_THE PROBLEM_
Please reproduce the lines from the one containing "Erima 5-C Polyesterjacke" through the end of the data below exactly as they stand, and omit all pictures.

_Extracted data entries_
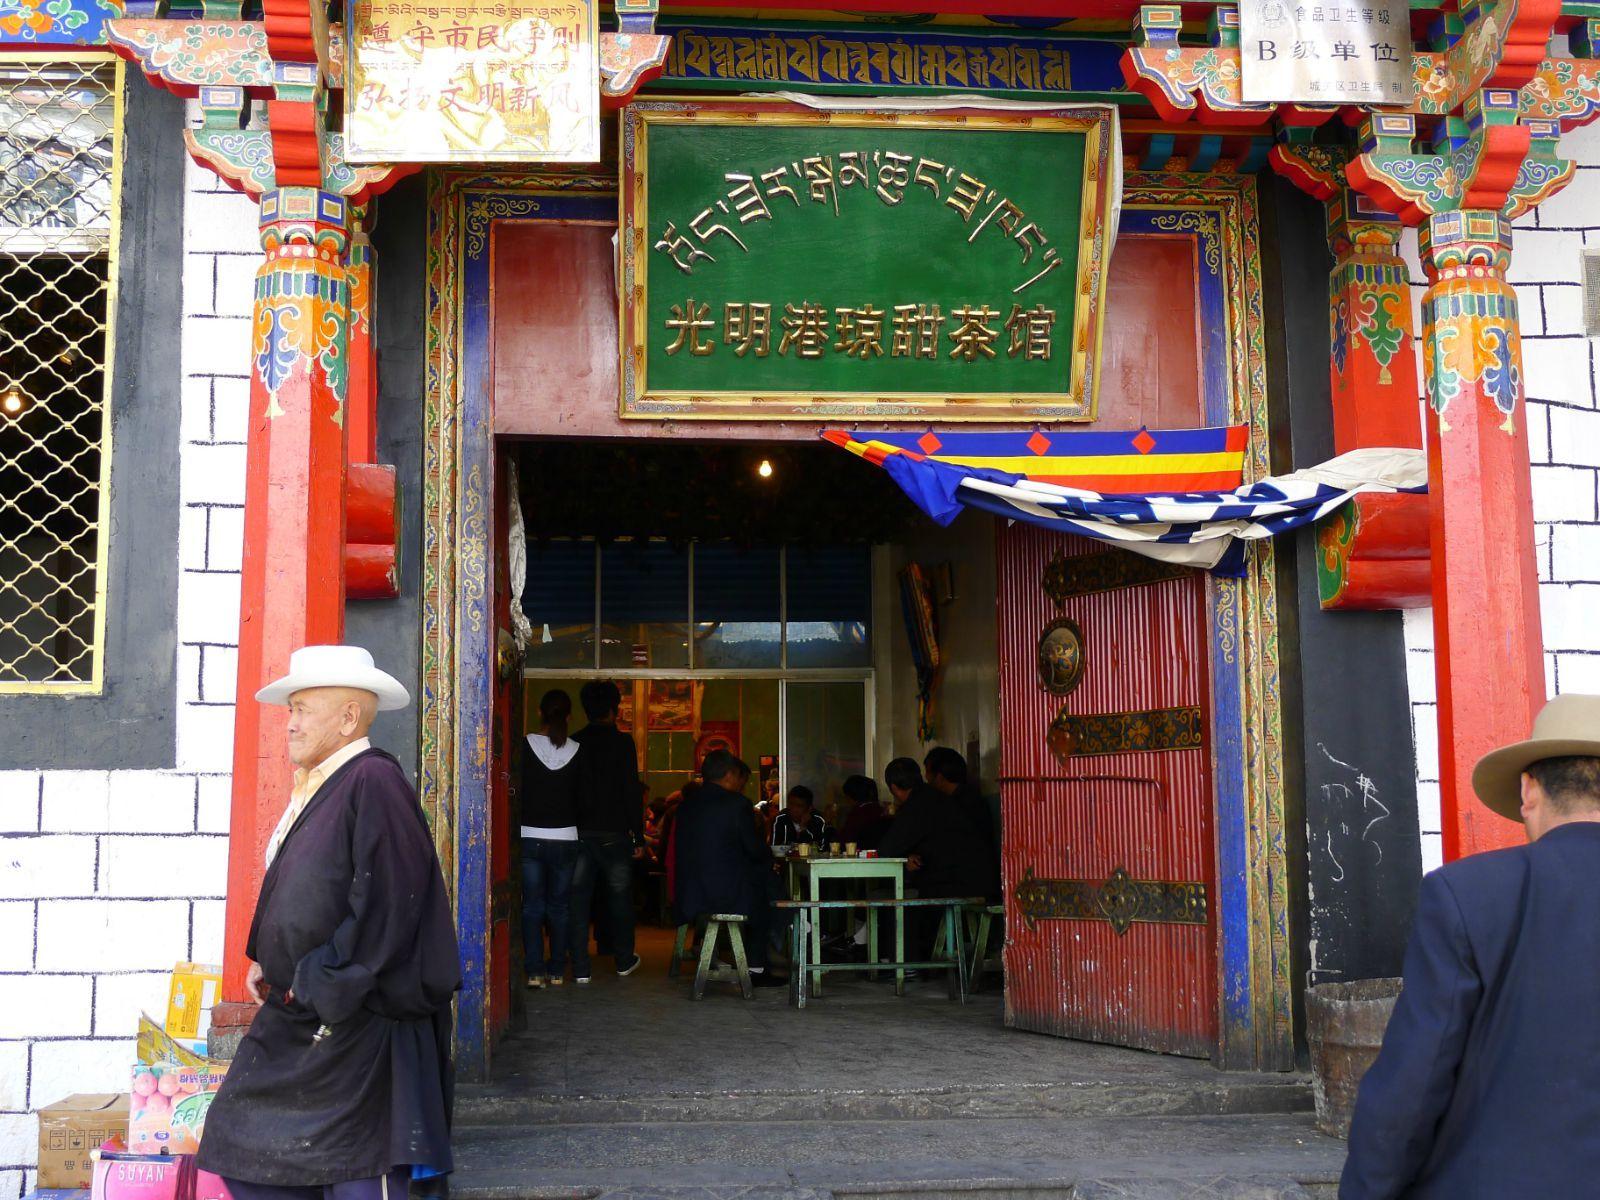 光明港琼甜茶馆门口就是到大昭寺的主要通道丹杰林路,商业繁荣,加上茶馆的价格地道,虽然内部环境很一般,就是一个简单的集体食堂一般,但这个茶馆名气、人流量在当地都是最大的。甜茶馆门不大,很有藏式风格,进了大门,里面大厅很宽敞,有好几排长条矮桌,很有藏式风格,其实这大厅就是院子上面打了个顶棚而已,茶馆汇集着各种身份的人,简直是人满为患,藏民在这里就像成都人泡茶馆一样,一呆就是半天。这里是西藏最市井的地方,当然也是我们这些游客体验民风的好地方,不时的进来一队队游客,据说偶尔也会碰到很多老外在这里喝茶。不管你能否听
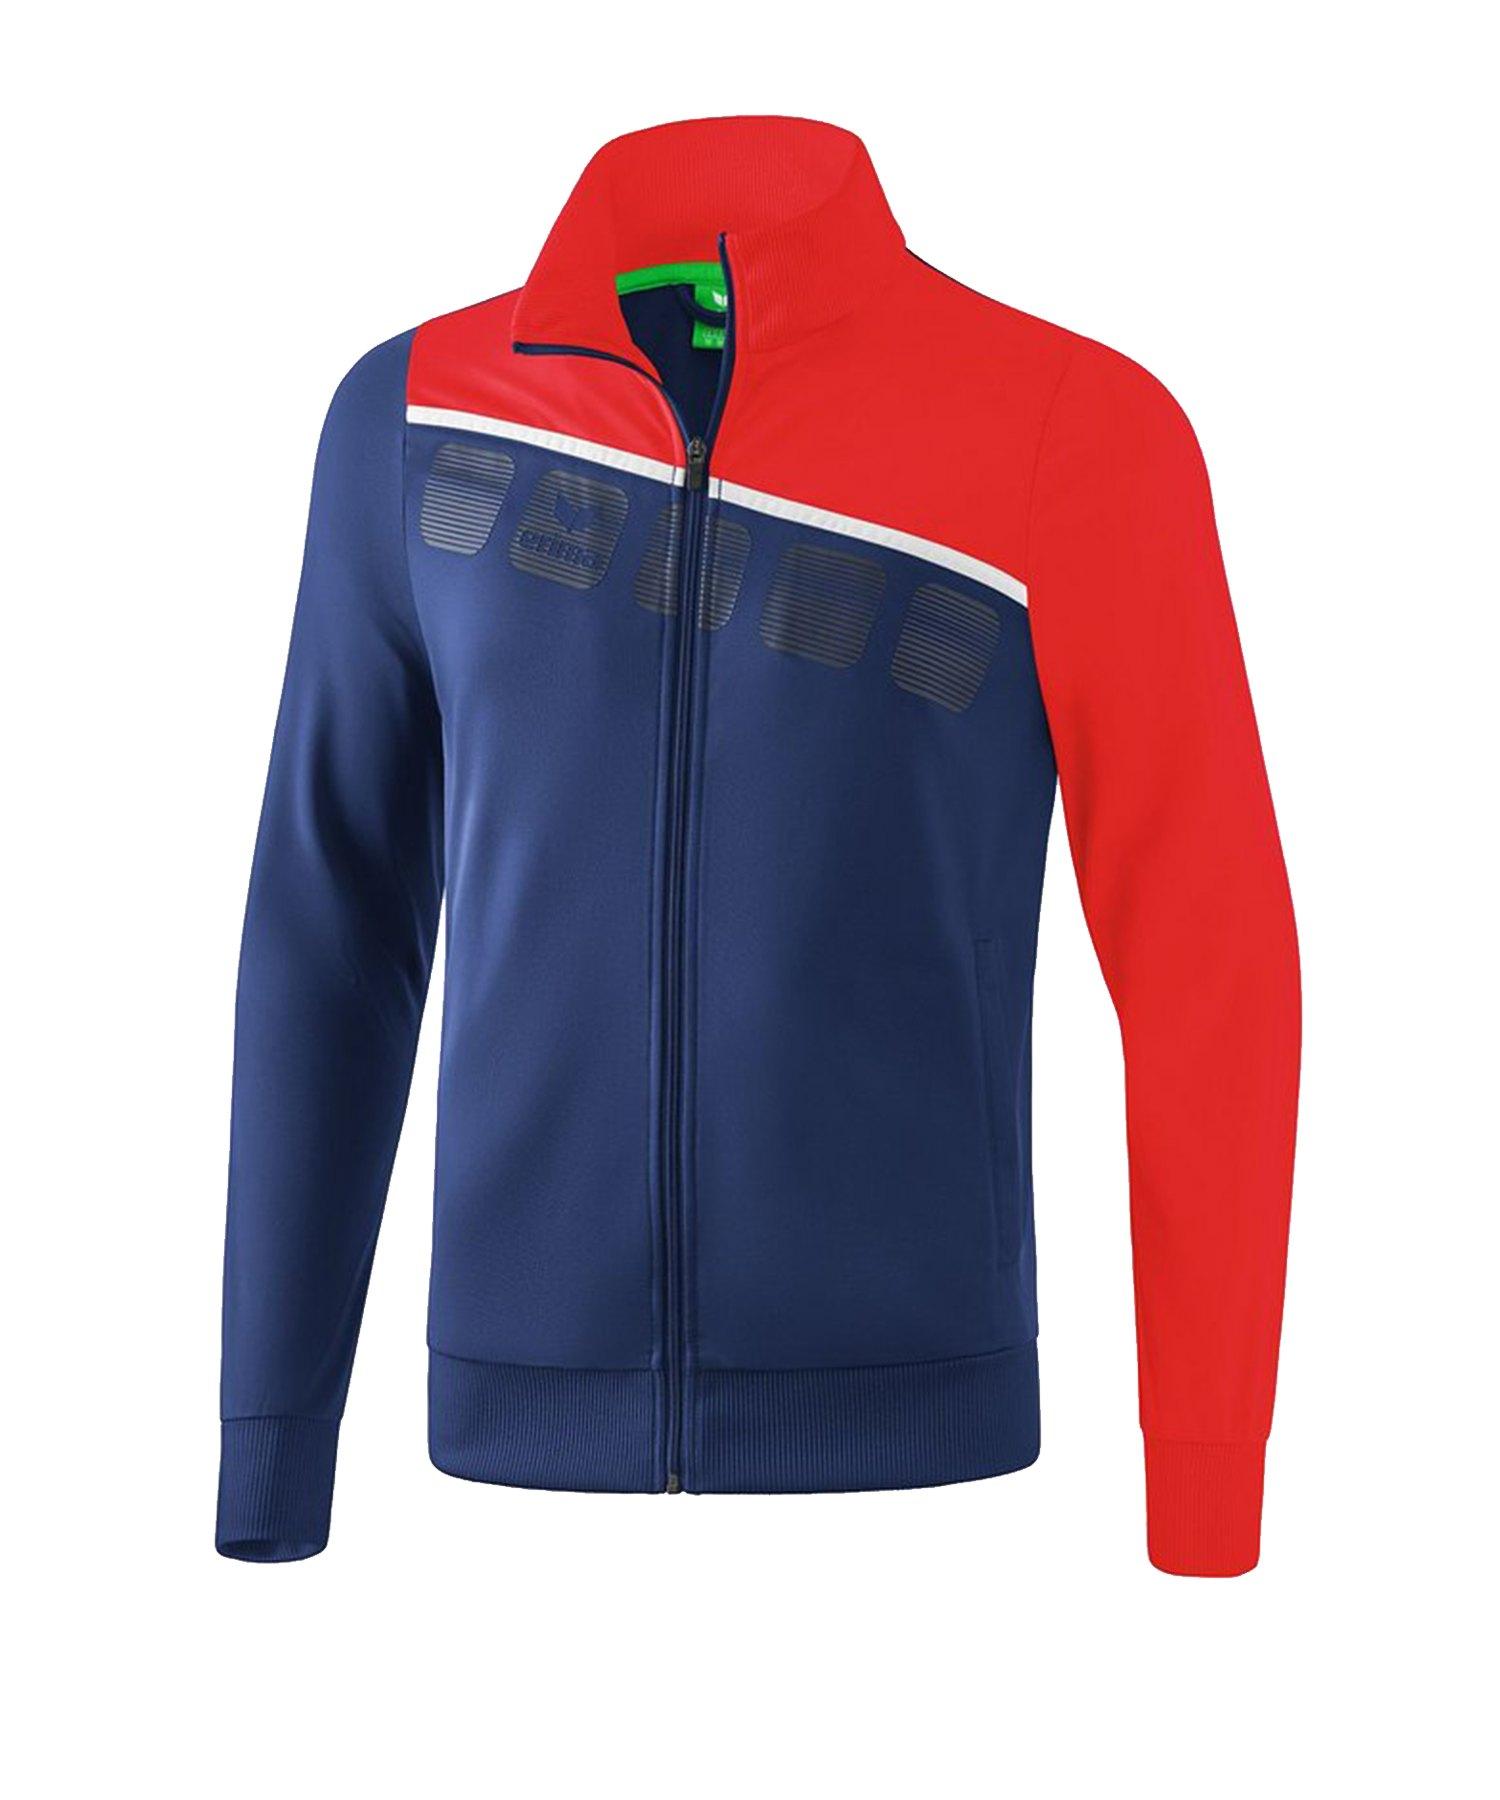 Erima 5-C Polyesterjacke Kids Blau Rot - Blau
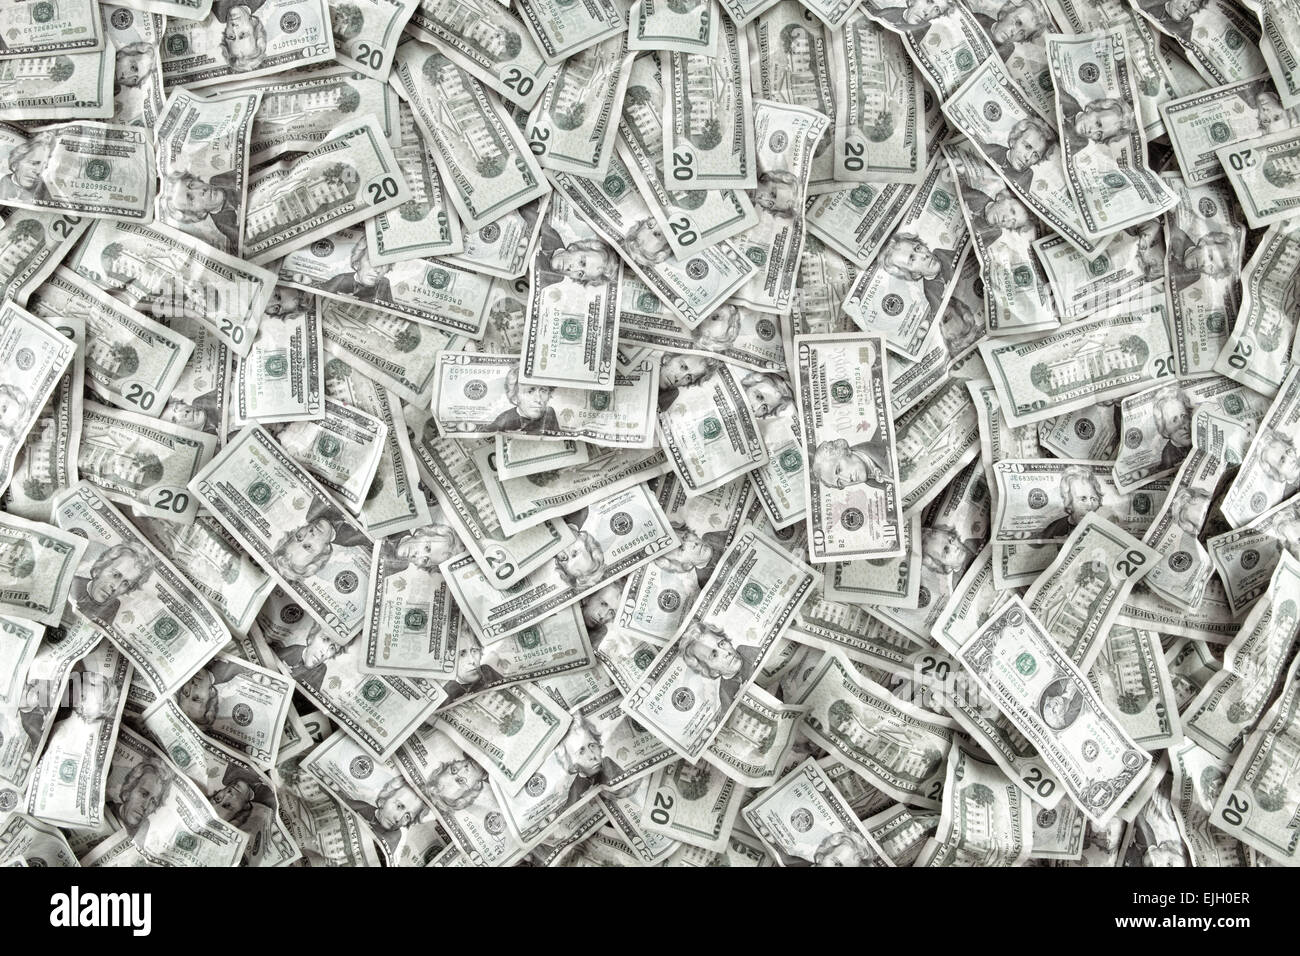 Cashing Money Stock Photos & Cashing Money Stock Images - Page 2 - Alamy
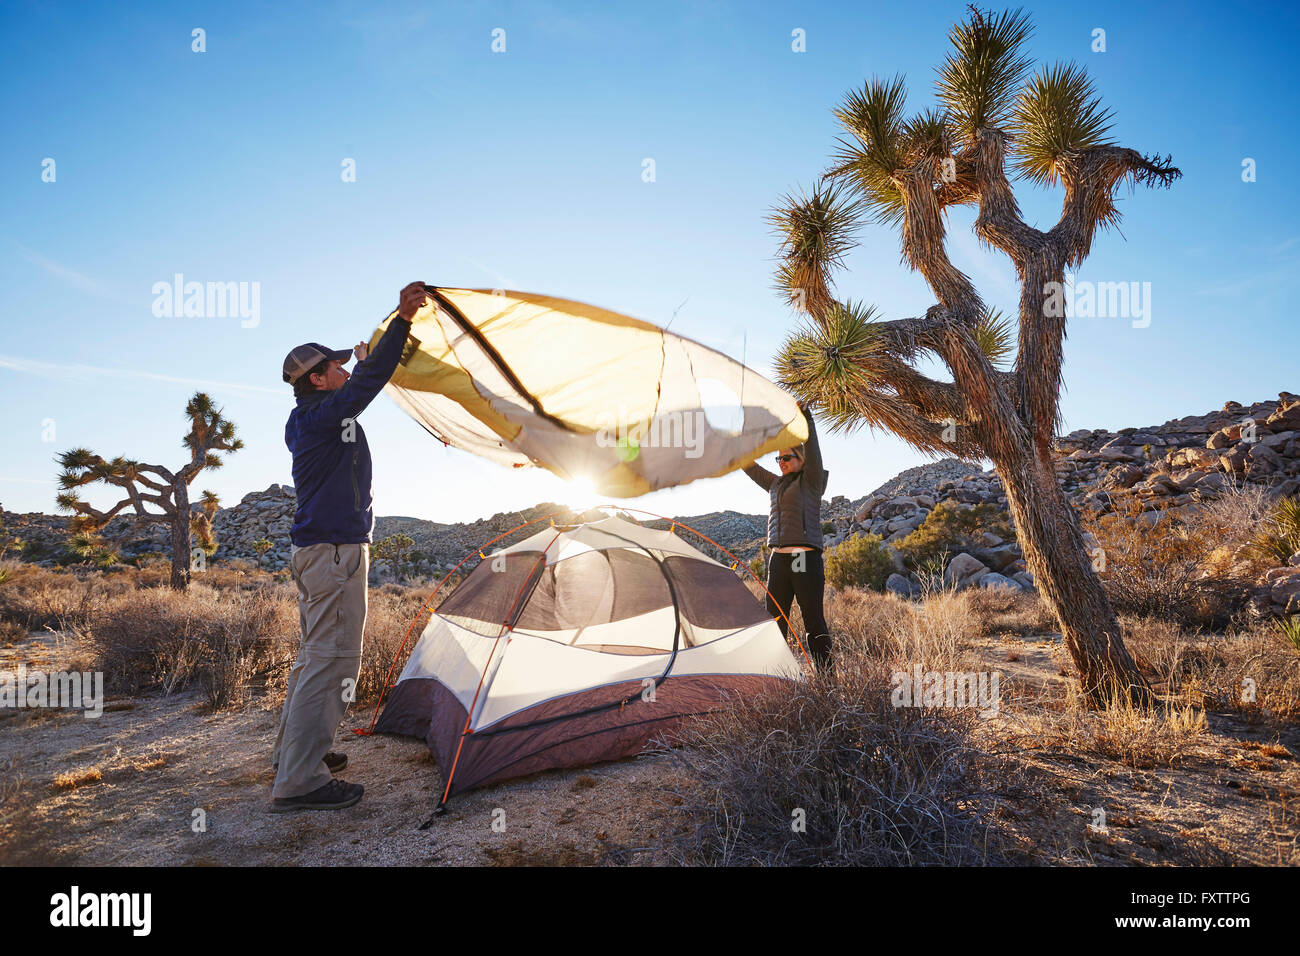 Camper montaggio tenda, Joshua Tree National Park, California Immagini Stock
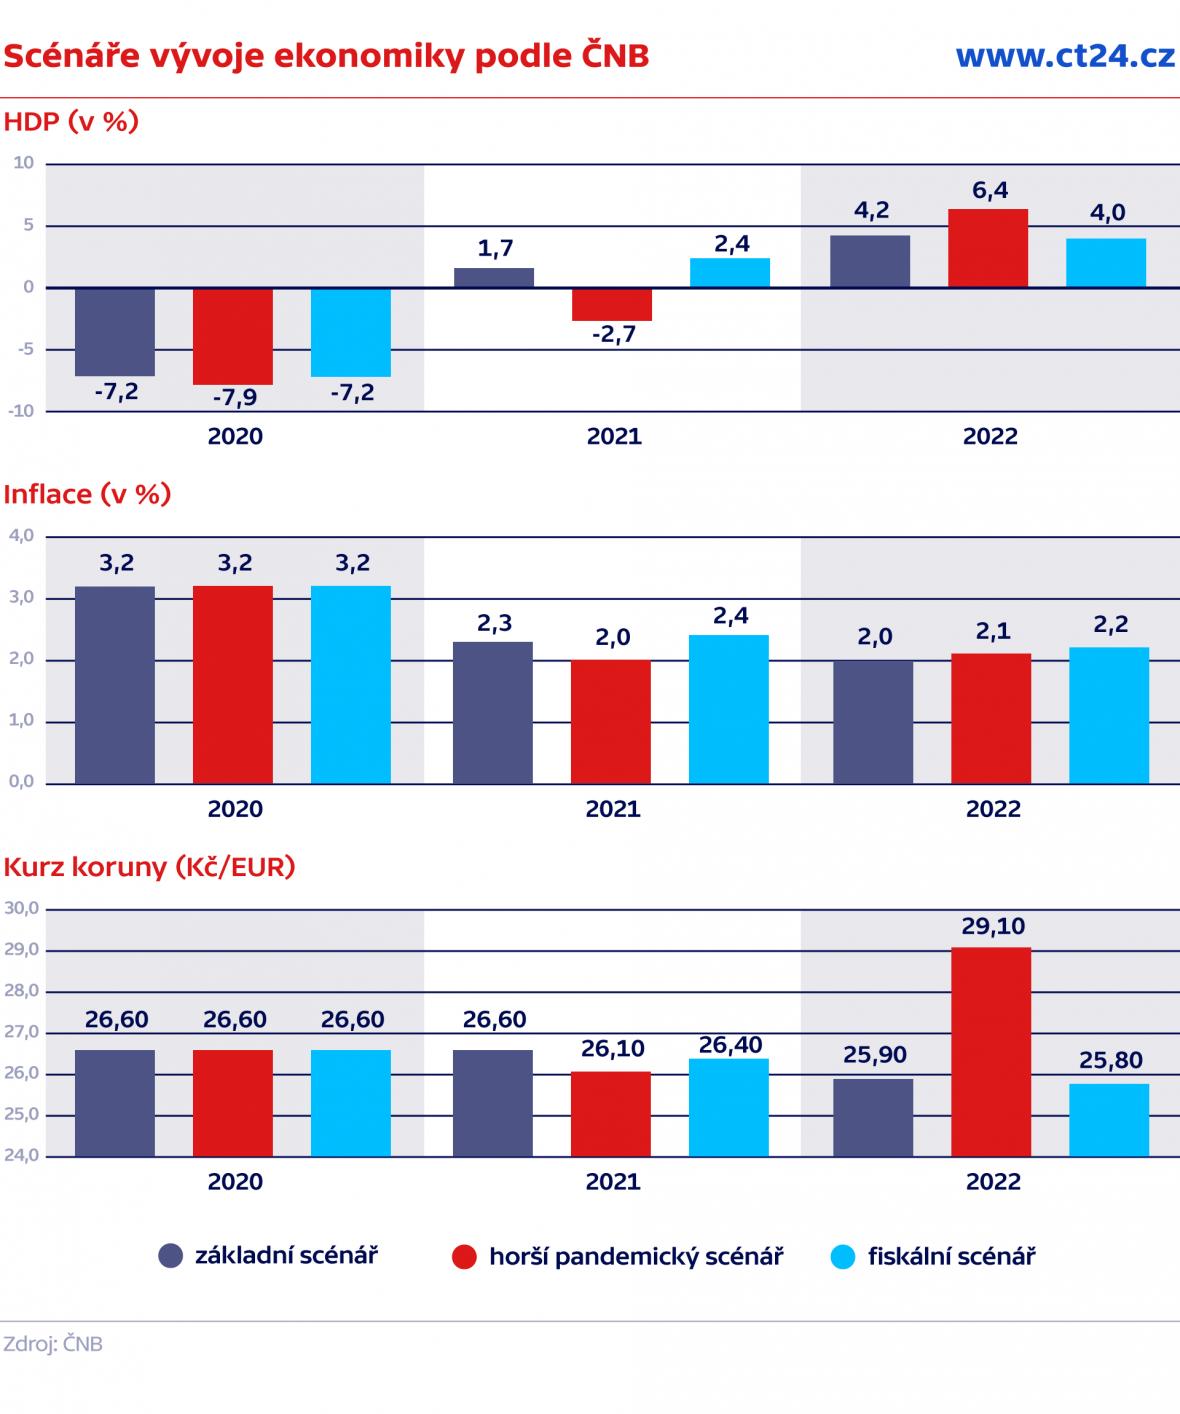 Scénáře vývoje ekonomiky podle ČNB

_RESULT OF THIS TASK_
 Erima 5-C Polyesterjacke Kids Blau Rot - Blau
 Cashing Money Stock Photos & Cashing Money Stock Images - Page 2 - Alamy
 Camper montaggio tenda, Joshua Tree National Park, California Immagini Stock
 Scénáře vývoje ekonomiky podle ČNB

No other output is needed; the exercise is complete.